The Canadian province’s Department of Community Services is tightening the rules for its special needs funding, reports CBC News. Community Services spends more than $45 million in special needs funding each year.
Until the new decision, some people on welfare had been able to get the department to pay for medical marijuana, because the rules were vague about what, exactly, qualified as a special need.
Between 20 and 25 people who already received such support — including, in addition to marijuana, things like gym memberships and massage therapy — will continue to get it, according to CBC.

But the new, clearer language means others asking for the same help will be turned down, according to Dan Troke, who runs the program.
“Clearly going forward the position as it was intended to be all along would be any item that is not on the Nova Scotia drug formulary would not be an item that would be covered under special need,” Troke said.
Last year, a woman on income assistance won her court battle forcing the department to buy her medical marijuana. Sally Campbell suffers from a number of ailments and has a Health Canada certificate giving her federal permission to use marijuana to alleviate pain and nausea.
The department had initially denied Campbell’s request that it designate her marijuana as a special need and increase her monthly allowance to cover the cost of it, reports Sherri Borden Colley at the Halifax Chronicle-Herald.
Campbell appealed that decision to a one-person board, which also denied her request.
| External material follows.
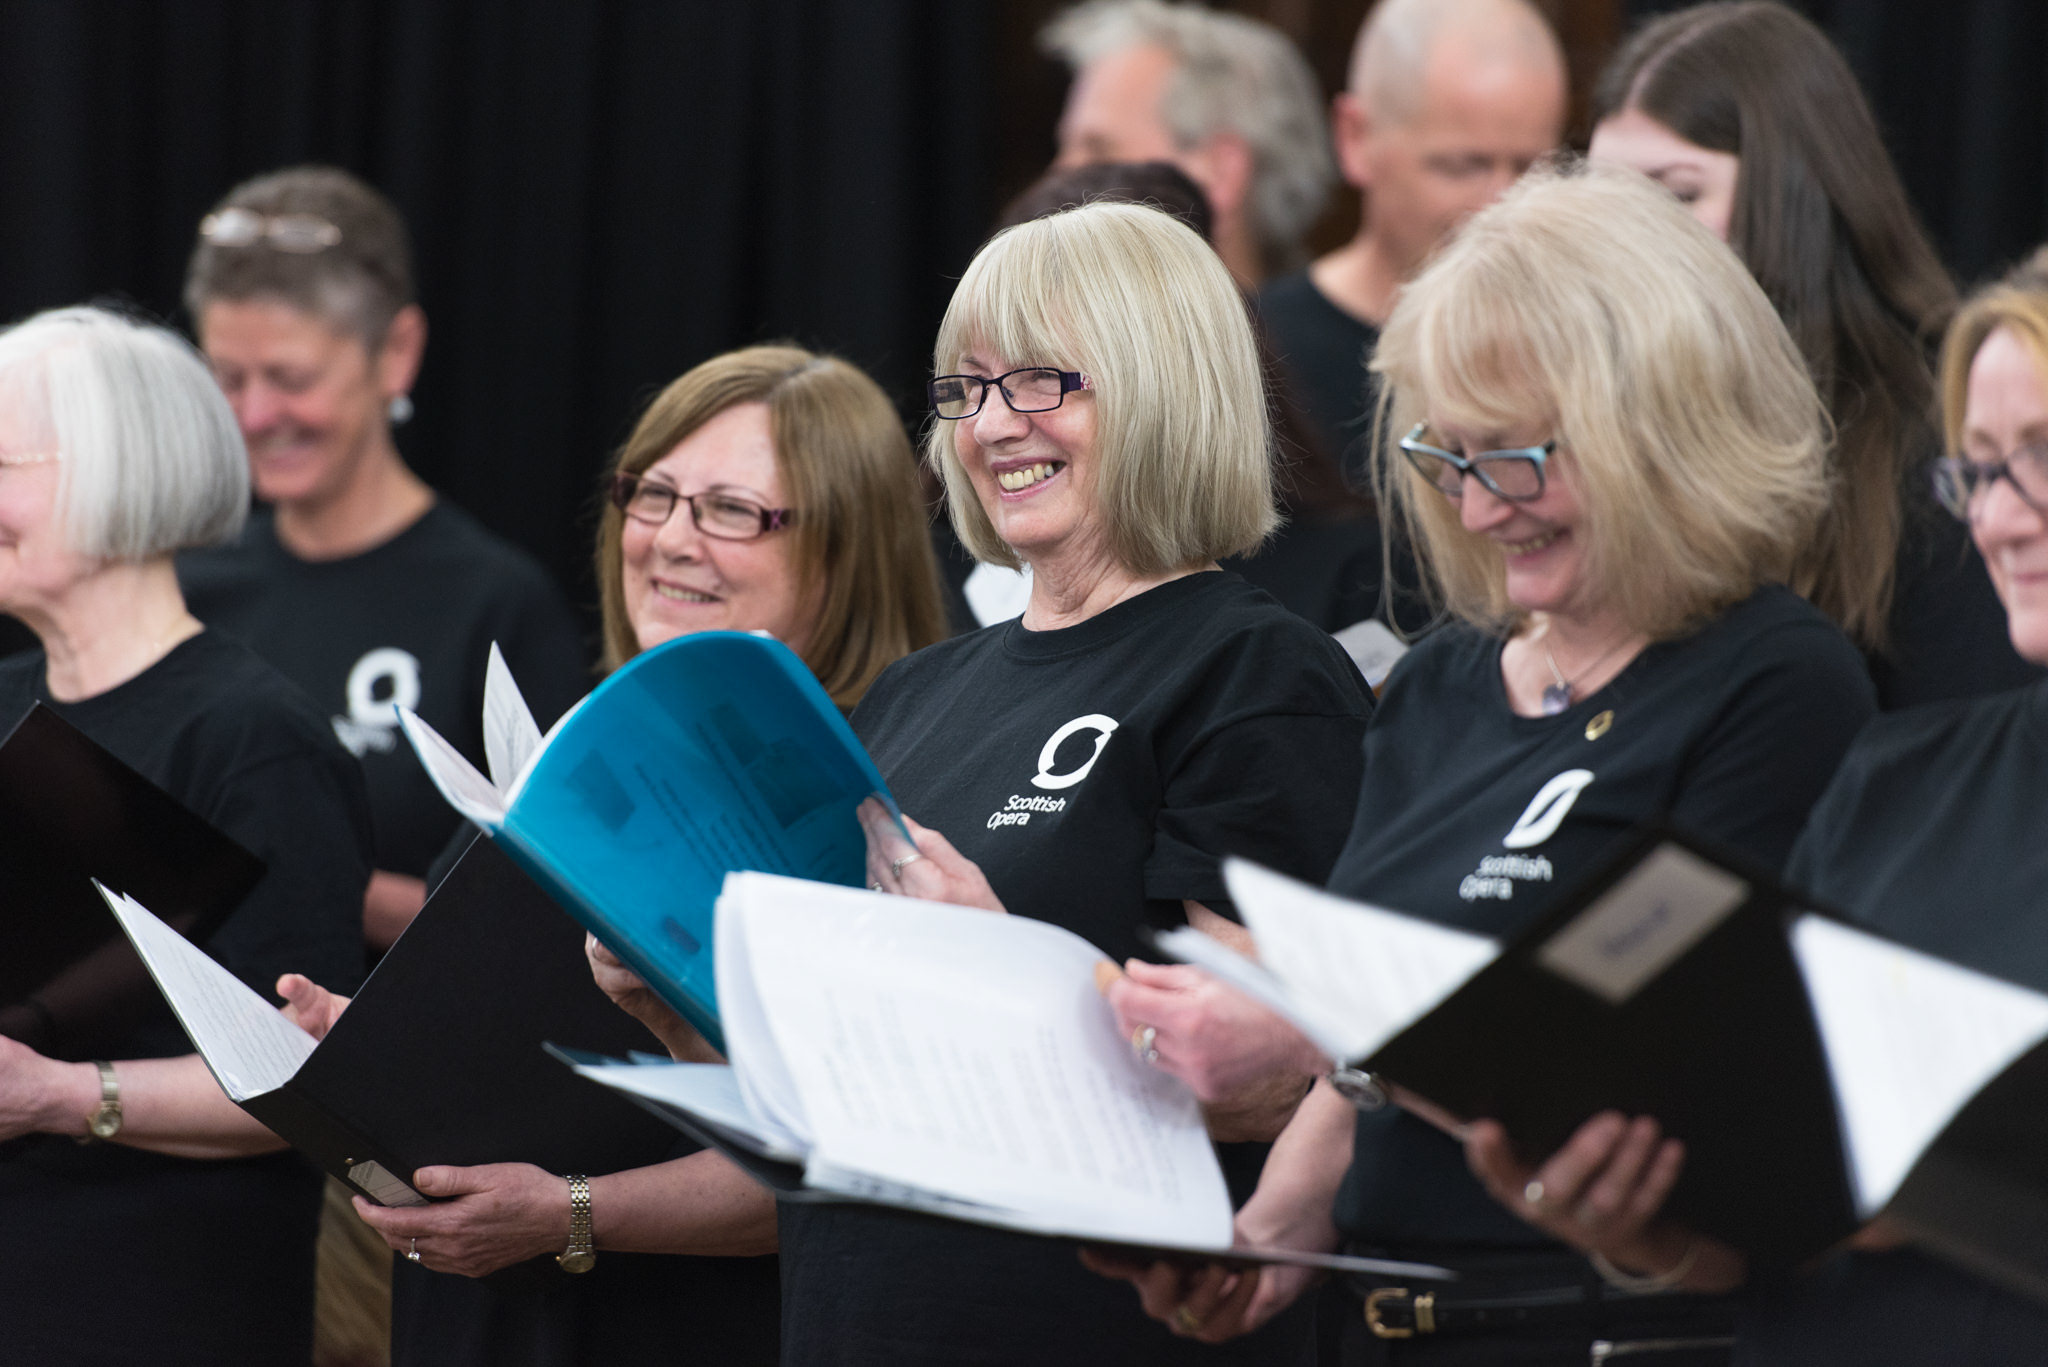 scottish-opera-community-choir-performers-glasgow.jpg

She then went before a Supreme Court judge and won.
In another case earlier this year, an appeal board ordered the department to cover the costs of marijuana-growing equipment for another woman’s medical needs. The woman and her husband have licenses from Health Canada to grow up to 25 plants, but said they could only afford to grow six.
The appeals board ruled the department should help the woman pay for growing equipment rather than buying her marijuana.
“From a perspective of outside the true intent of the special need, these would be the items that we would see as not meeting the true intent,” Troke said.
Under the new rules, which took effect Monday, Community Services will only cover medical items and services covered by the provincial Pharmacare program. The department said this is how other Canadian provinces handle medical marijuana requests.